TIME_WAIT is an often misunderstood state in the TCP state transition diagram. It's a state that some sockets can enter and remain in for a relatively long length of time, if you have enough socket's in TIME_WAIT then your ability to create new socket connections may be affected and this can affect the scalability of your client server system. There is often some misunderstanding about how and why a socket ends up in TIME_WAIT in the first place, there shouldn't be, it's not magical. As can be seen from the TCP state transition diagram below, TIME_WAIT is the final state that TCP clients usually end up in.

TCP-StateTransitionDiagram-NormalTransitions.png

Although the state transition diagram shows TIME_WAIT as the final state for clients it doesn't have to be the client that ends up in TIME_WAIT. In fact, it's the final state that the peer that initiates the "active close" ends up in and this can be either the client or the server. So, what does it mean to issue the "active close"?

A TCP peer initiates an "active close" if it is the first peer to call Close() on the connection. In many protocols and client/server designs this is the client. In HTTP and FTP servers this is often the server. The actual sequence of events that leads to a peer ending up in TIME_WAIT is as follows.

TCP-StateTransitionDiagram-ClosureTransitions.png

Now that we know how a socket ends up in TIME_WAIT it's useful to understand why this state exists and why it can be a potential problem.

TIME_WAIT is often also known as the 2MSL wait state. This is because the socket that transitions to TIME_WAIT stays there for a period that is 2 x Maximum Segment Lifetime in duration. The MSL is the maximum amount of time that any segment, for all intents and purposes a datagram that forms part of the TCP protocol, can remain valid on the network before being discarded. This time limit is ultimately bounded by the TTL field in the IP datagram that is used to transmit the TCP segment. Different implementations select different values for MSL and common values are 30 seconds, 1 minute or 2 minutes. RFC 793 specifies MSL as 2 minutes and Windows systems default to this value but can be tuned using the TcpTimedWaitDelay registry setting.
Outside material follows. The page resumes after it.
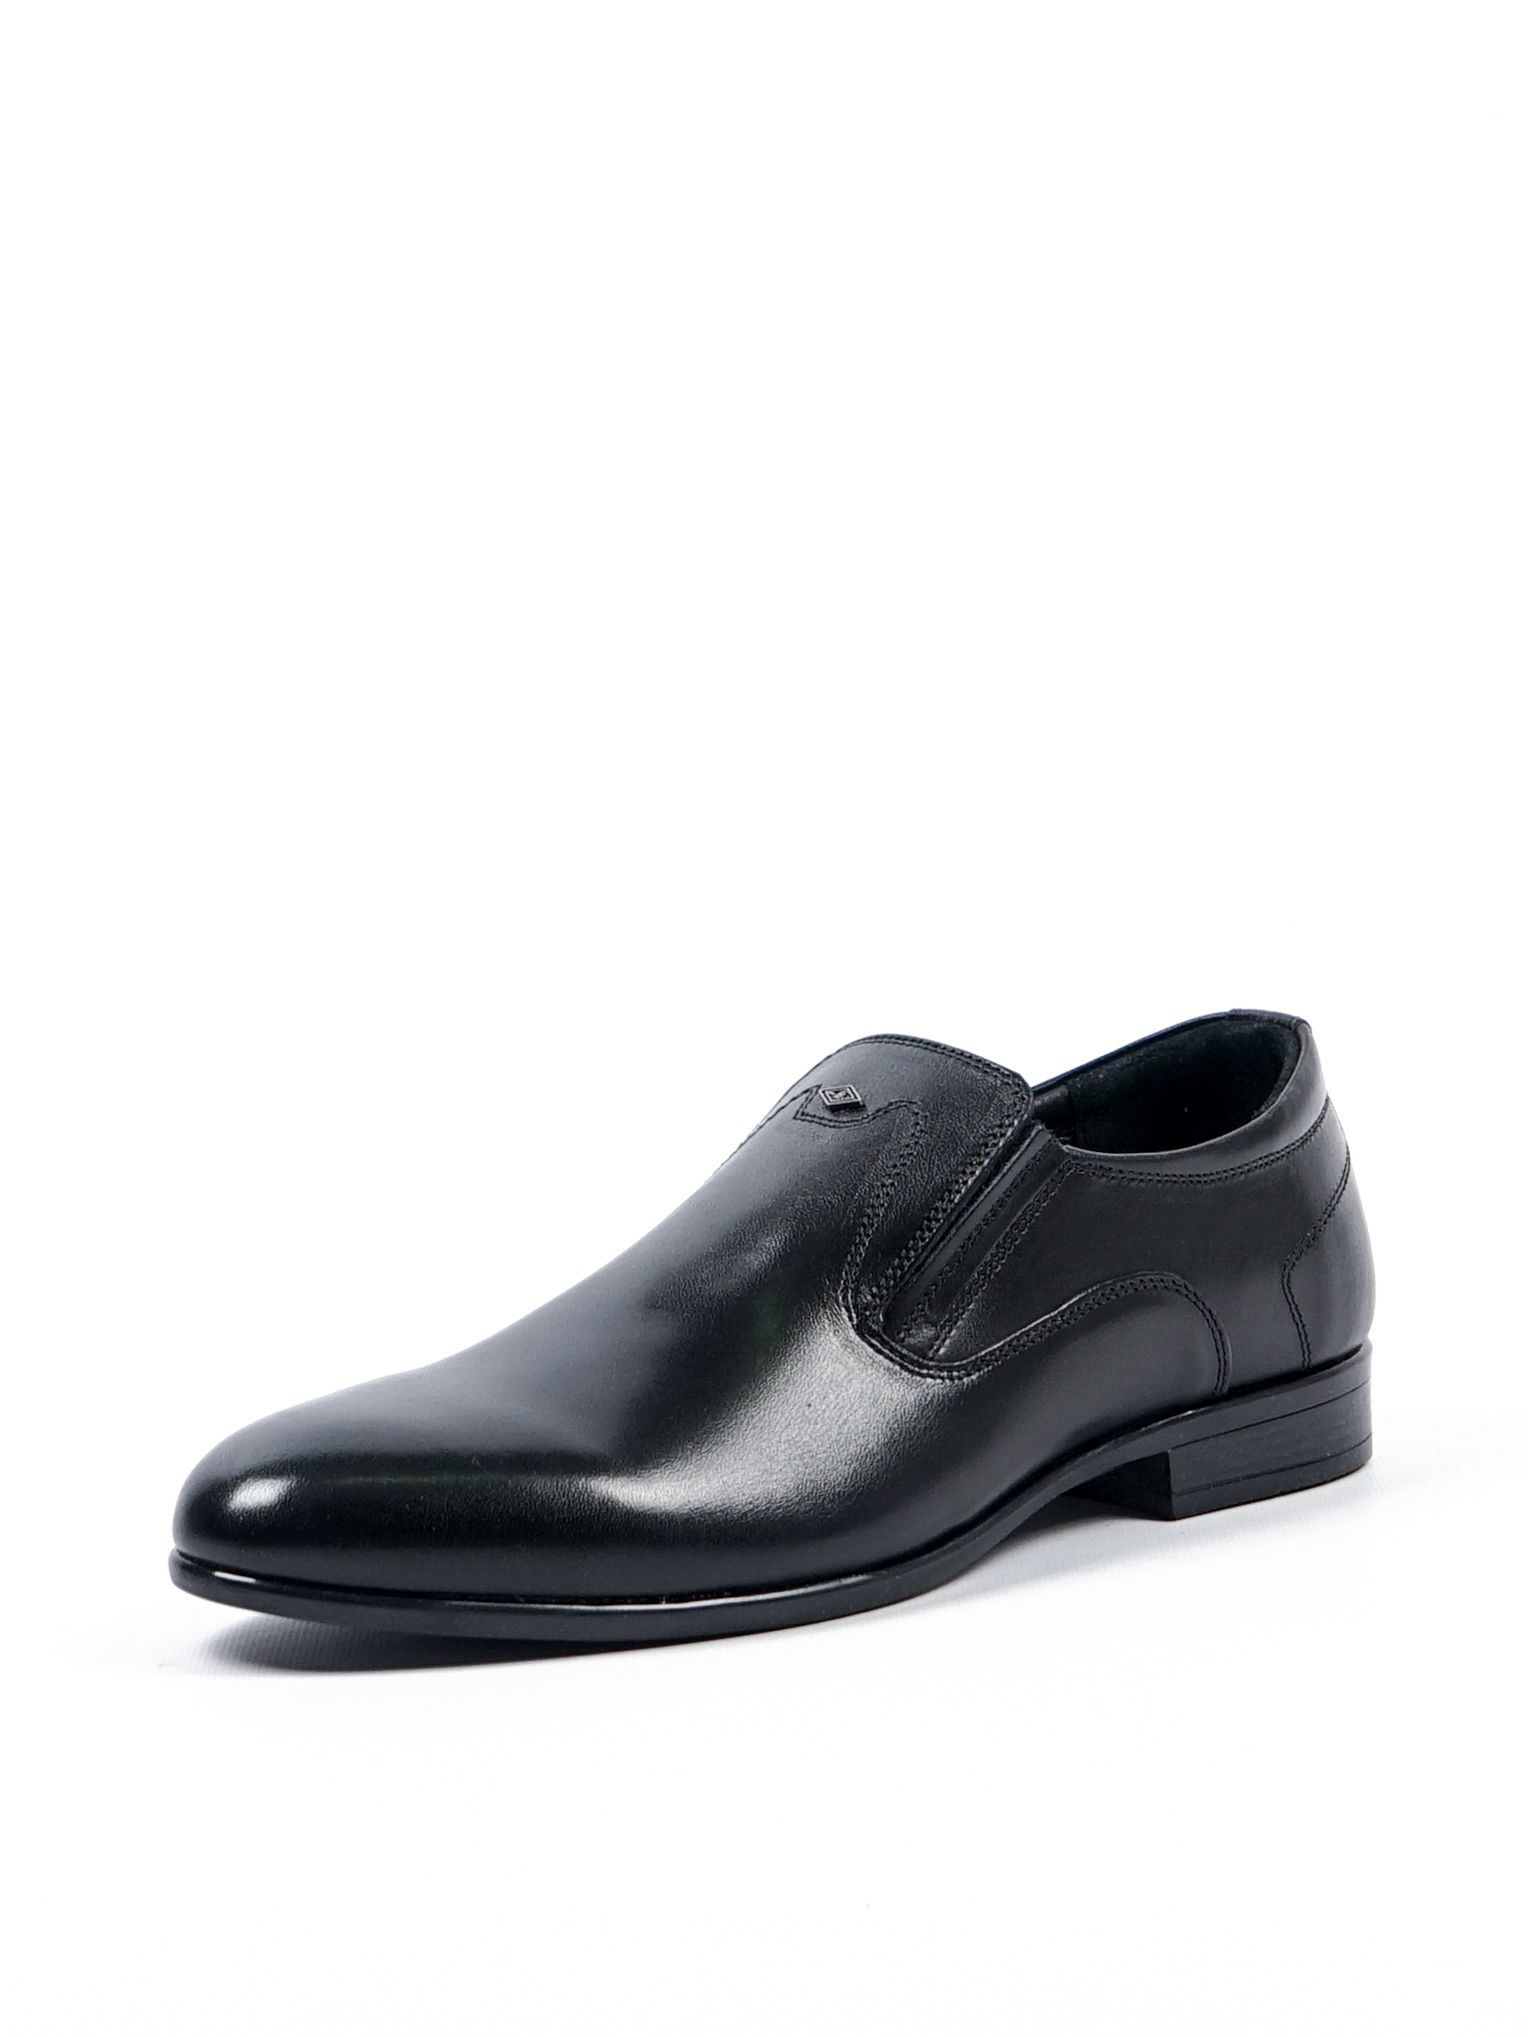 Туфли мужские Comfort Shoes 1098B черные 40 RU

The reason that TIME_WAIT can affect system scalability is that one socket in a TCP connection that is shut down cleanly will stay in the TIME_WAIT state for around 4 minutes. If many connections are being opened and closed quickly then socket's in TIME_WAIT may begin to accumulate on a system; you can view sockets in TIME_WAIT using netstat. There are a finite number of socket connections that can be established at one time and one of the things that limits this number is the number of available local ports. If too many sockets are in TIME_WAIT you will find it difficult to establish new outbound connections due to there being a lack of local ports that can be used for the new connections. But why does TIME_WAIT exist at all?
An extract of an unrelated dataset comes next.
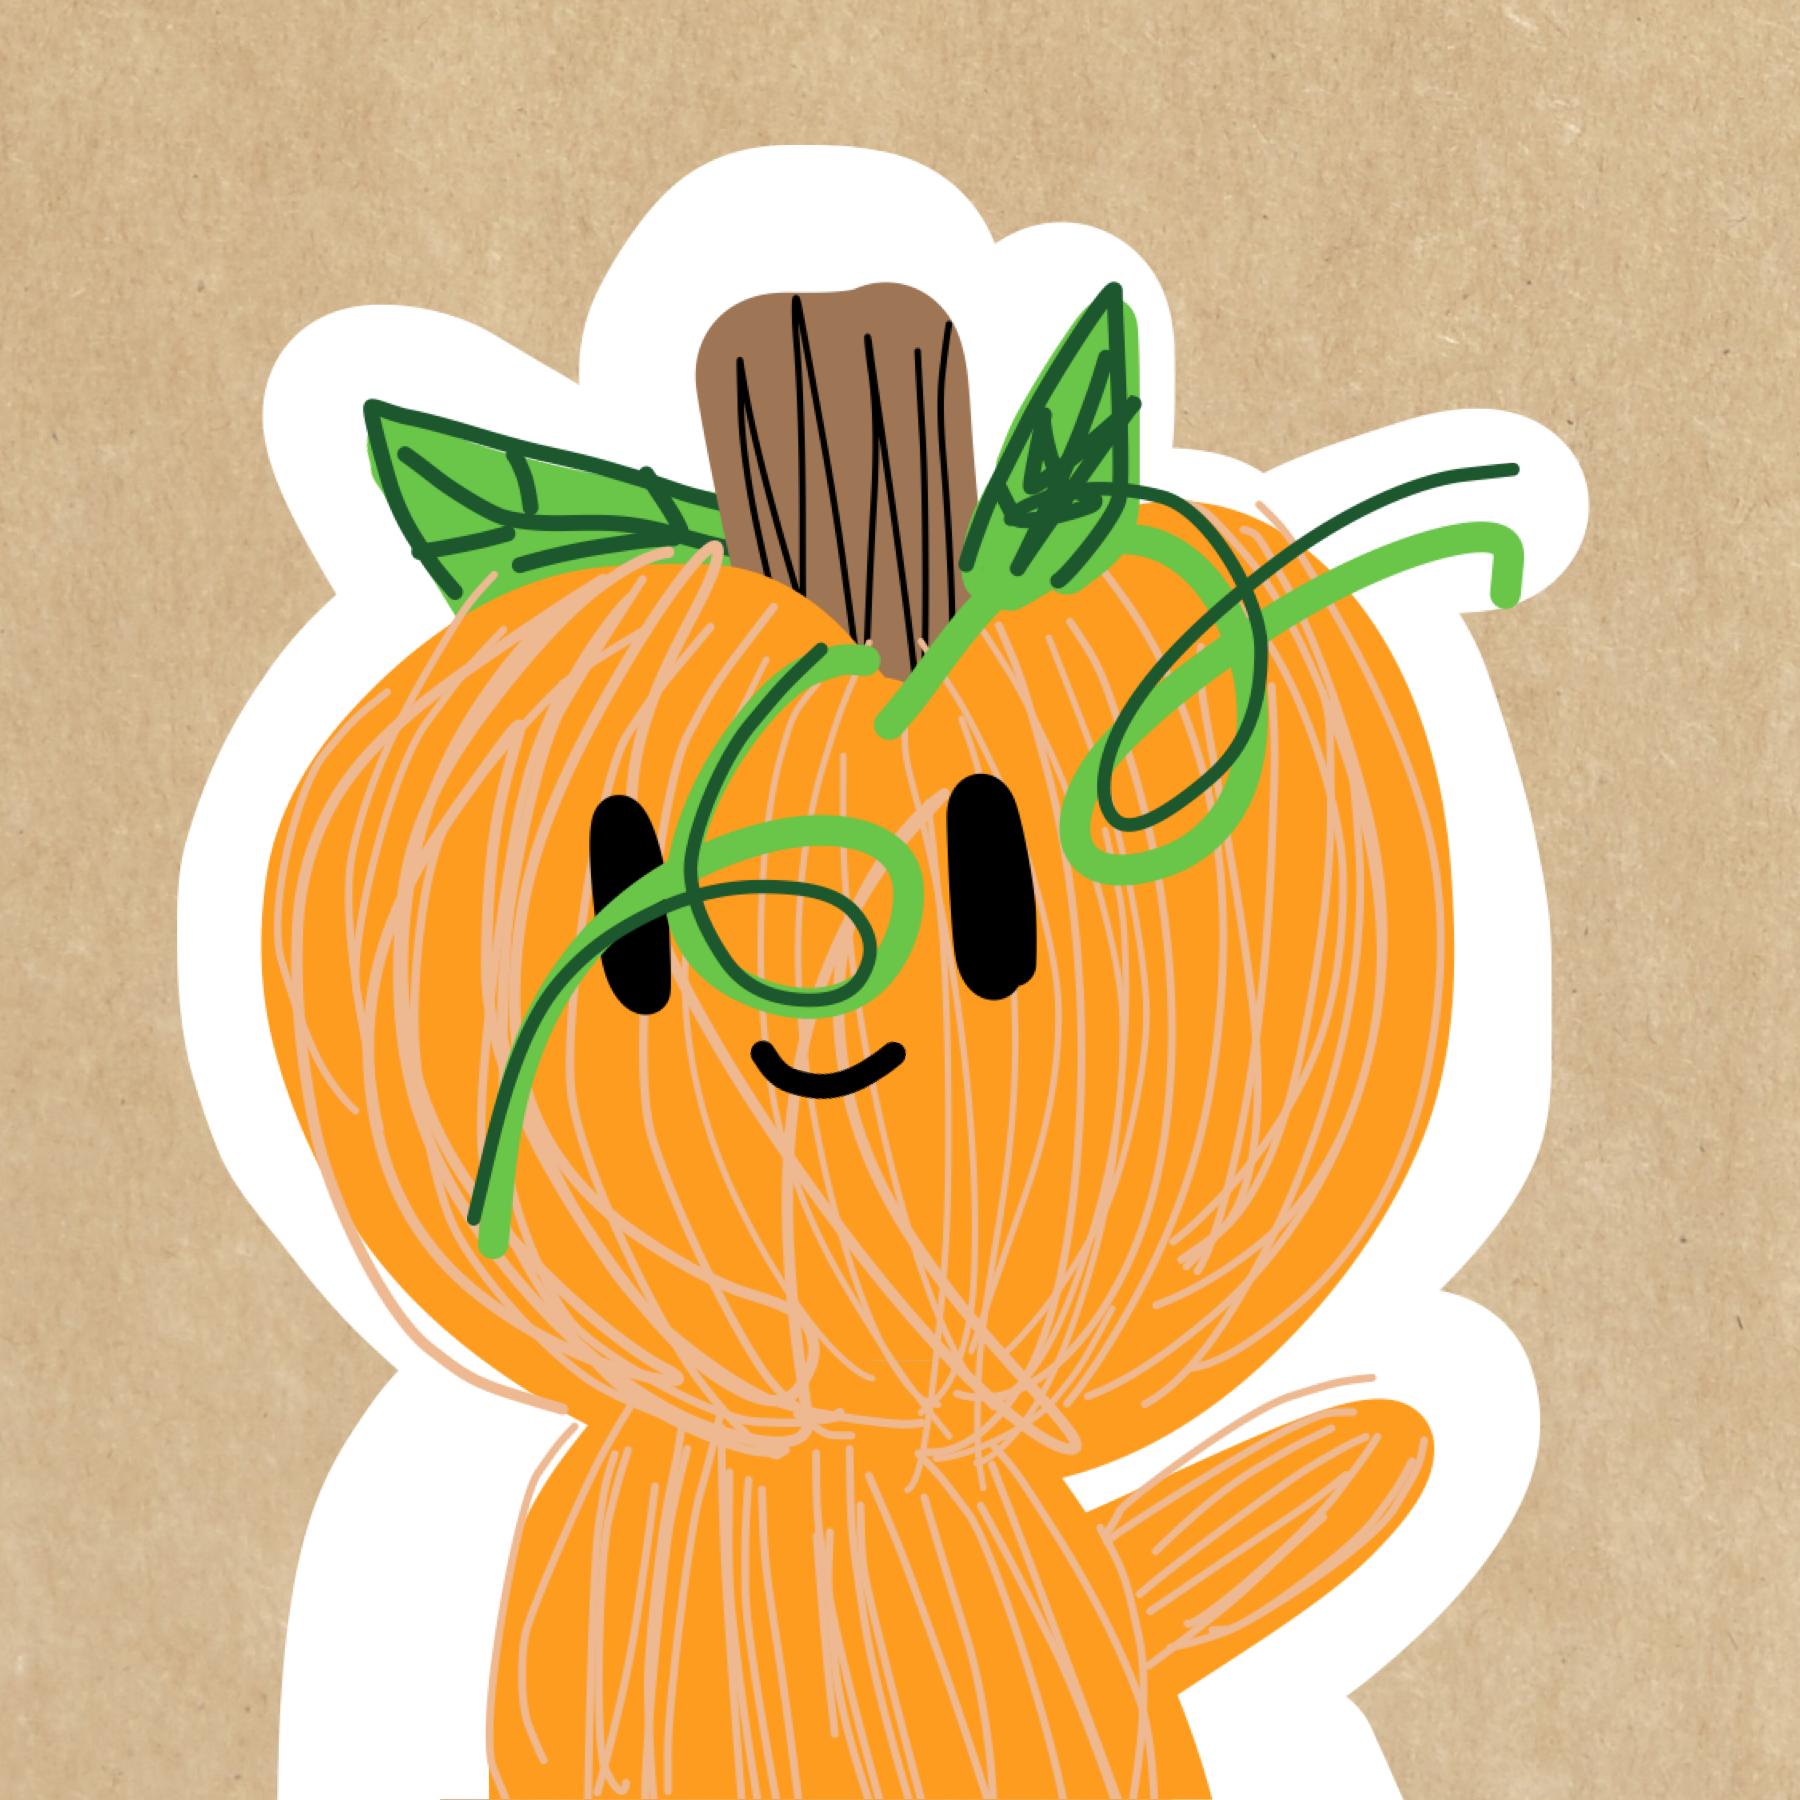 today’s word is pumpkin! so meet this little pumpkin boy:)

There are two reasons for the TIME_WAIT state. The first is to prevent delayed segments from one connection being misinterpreted as being part of a subsequent connection. Any segments that arrive whilst a connection is in the 2MSL wait state are discarded.

TIME_WAIT-why.png

In the diagram above we have two connections from end point 1 to end point 2. The address and port of each end point is the same in each connection. The first connection terminates with the active close initiated by end point 2. If end point 2 wasn't kept in TIME_WAIT for long enough to ensure that all segments from the previous connection had been invalidated then a delayed segment (with appropriate sequence numbers) could be mistaken for part of the second connection...

Note that it is very unlikely that delayed segments will cause problems like this. Firstly the address and port of each end point needs to be the same; which is normally unlikely as the client's port is usually selected for you by the operating system from the ephemeral port range and thus changes between connections. Secondly, the sequence numbers for the delayed segments need to be valid in the new connection which is also unlikely. However, should both of these things occur then TIME_WAIT will prevent the new connection's data from being corrupted.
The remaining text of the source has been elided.